Automatic Detection of Search Tactic in Individual Information Seeking: A Hidden Markov Model Approach
This provides a tool for analyzing large-scale datasets in information seeking behavior research, though it is incremental as it applies an existing method to a new domain.
The paper tackled the problem of automatically detecting search tactics in individual information seeking by using a Hidden Markov Model (HMM) to model these tactics, showing that the identified tactics are consistent with Marchionini's Information Seeking Process model.
Information seeking process is an important topic in information seeking behavior research. Both qualitative and empirical methods have been adopted in analyzing information seeking processes, with major focus on uncovering the latent search tactics behind user behaviors.
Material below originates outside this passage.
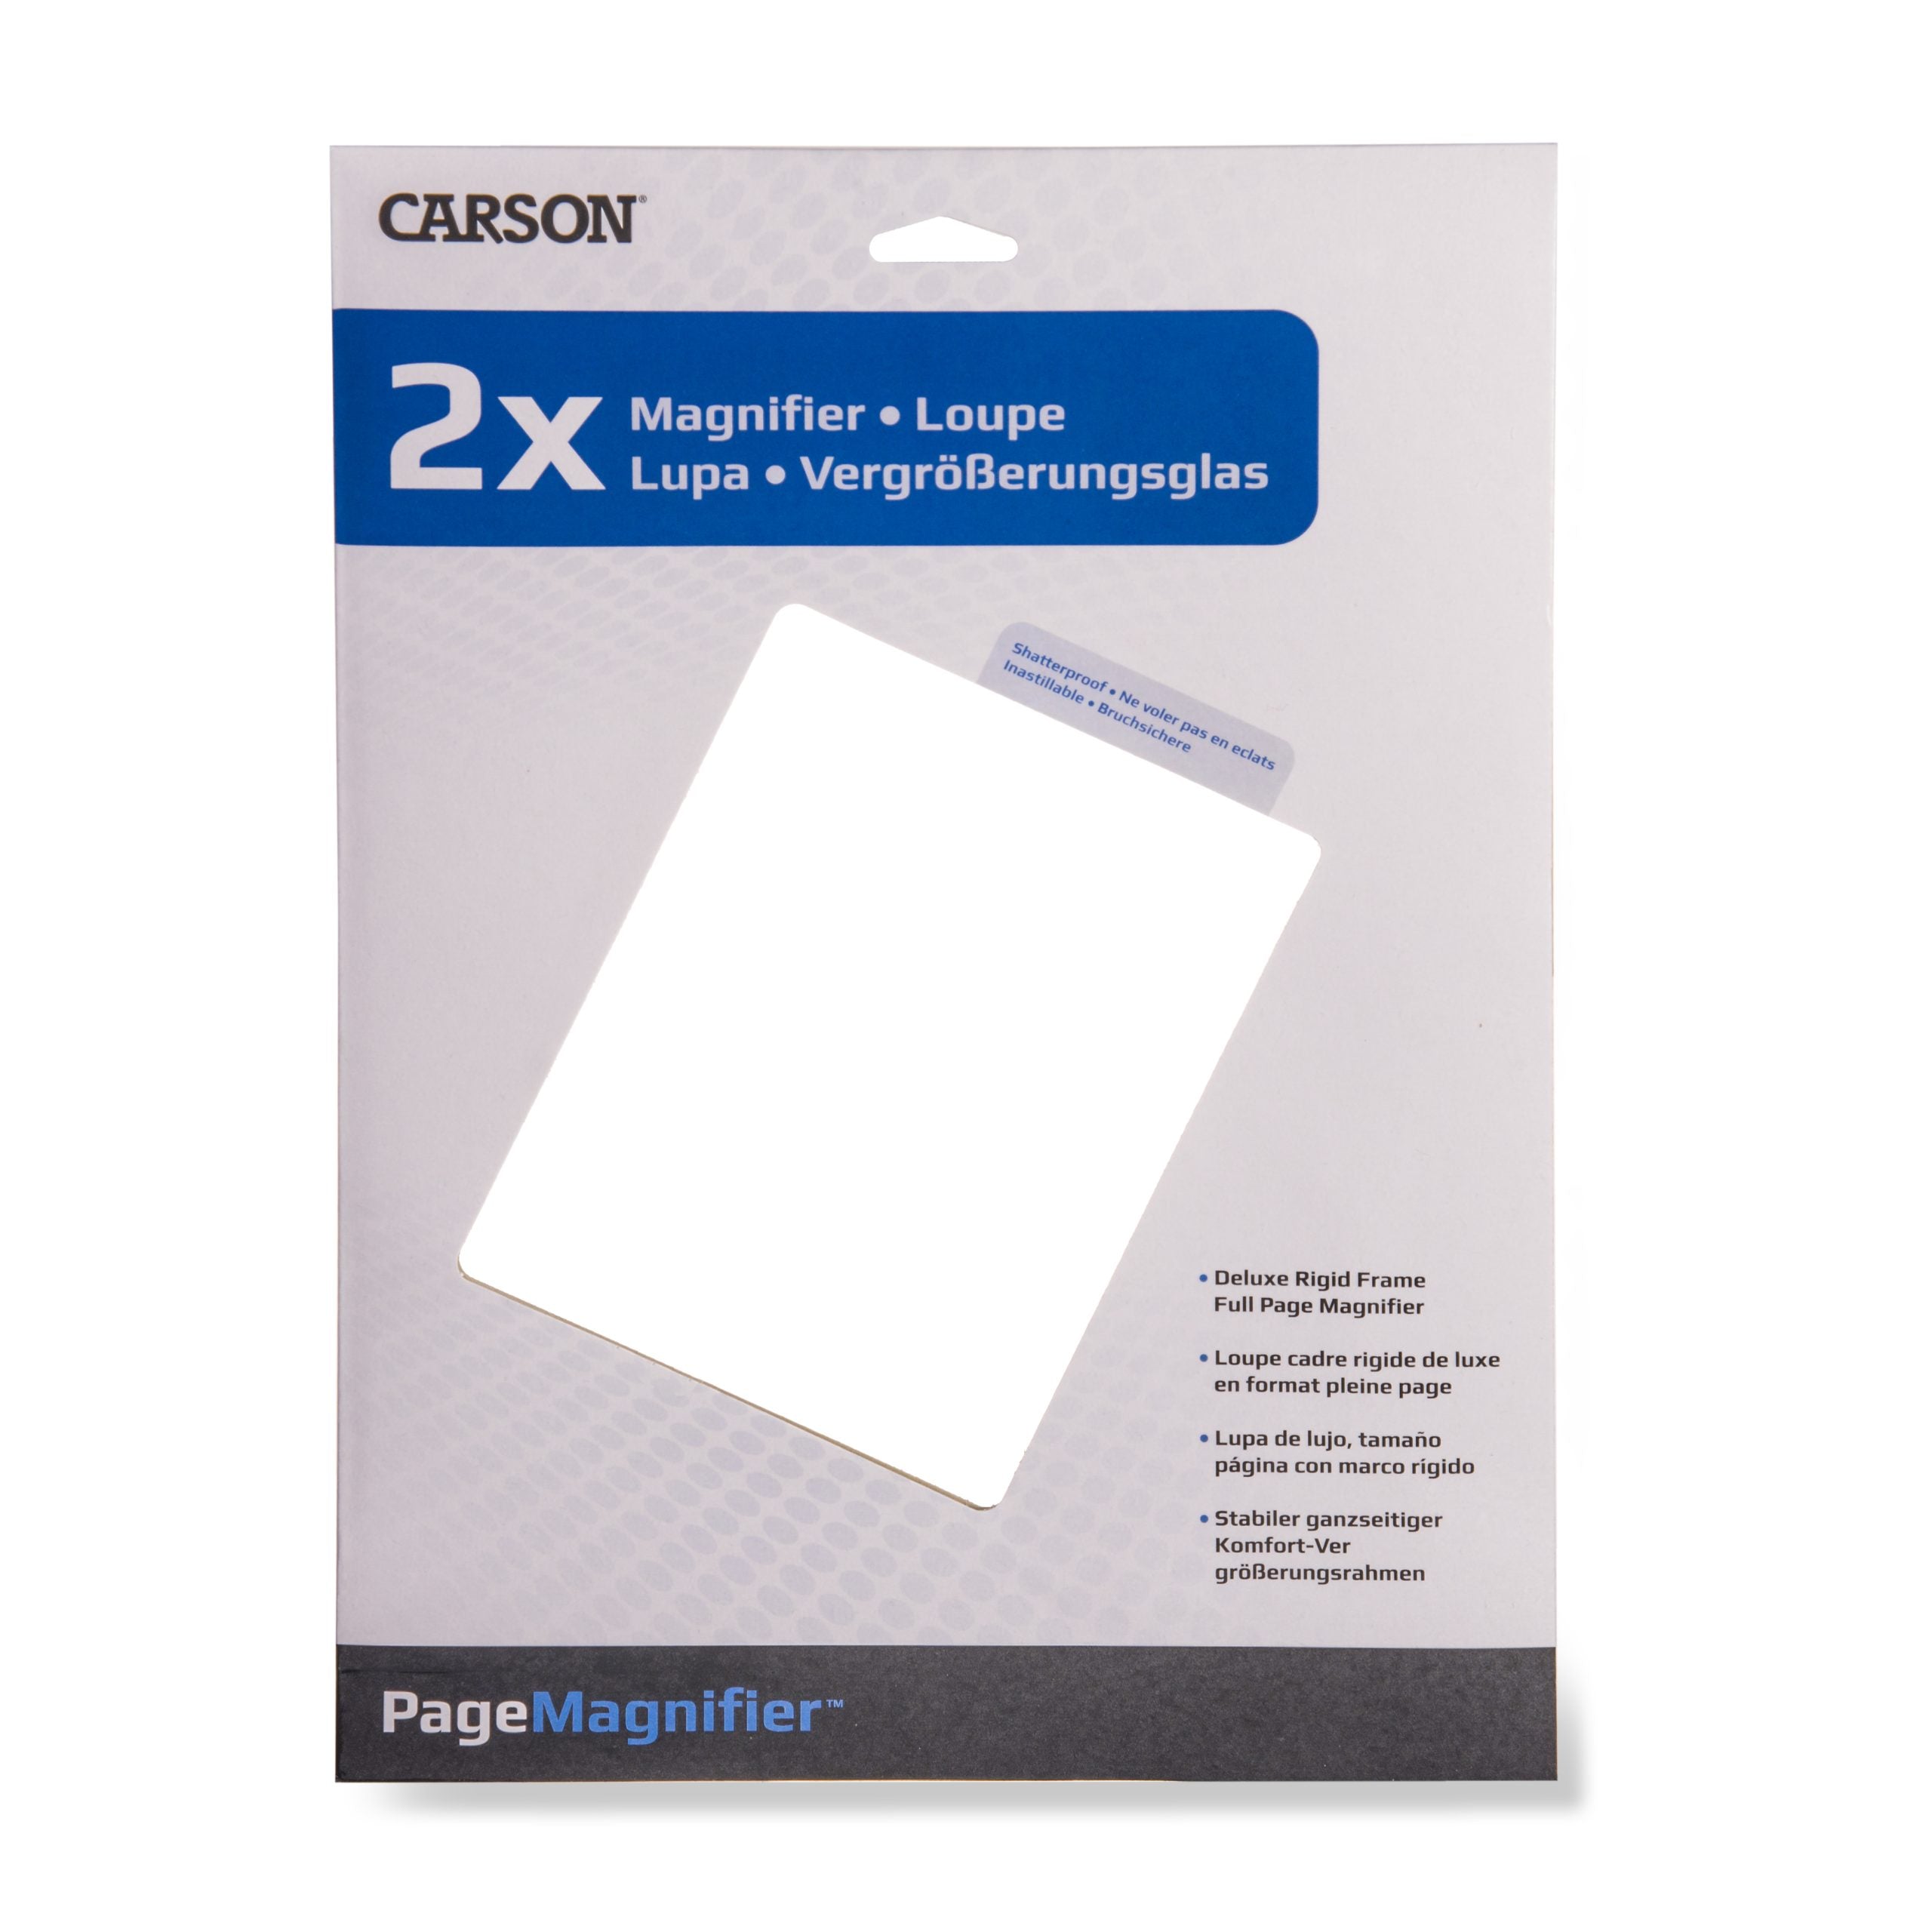 2x Magnification Rigid Frame 8.5×11 Inch Full Page Magnifier

Most of the existing works require defining search tactics in advance and coding data manually. Among the few works that can recognize search tactics automatically, they missed making sense of those tactics. In this paper, we proposed using an automatic technique, i.e. the Hidden Markov Model (HMM), to explicitly model the search tactics. HMM results show that the identified search tactics of individual information seeking behaviors are consistent with Marchioninis Information seeking process model. With the advantages of showing the connections between search tactics and search actions and the transitions among search tactics, we argue that HMM is a useful tool to investigate information seeking process, or at least it provides a feasible way to analyze large scale dataset.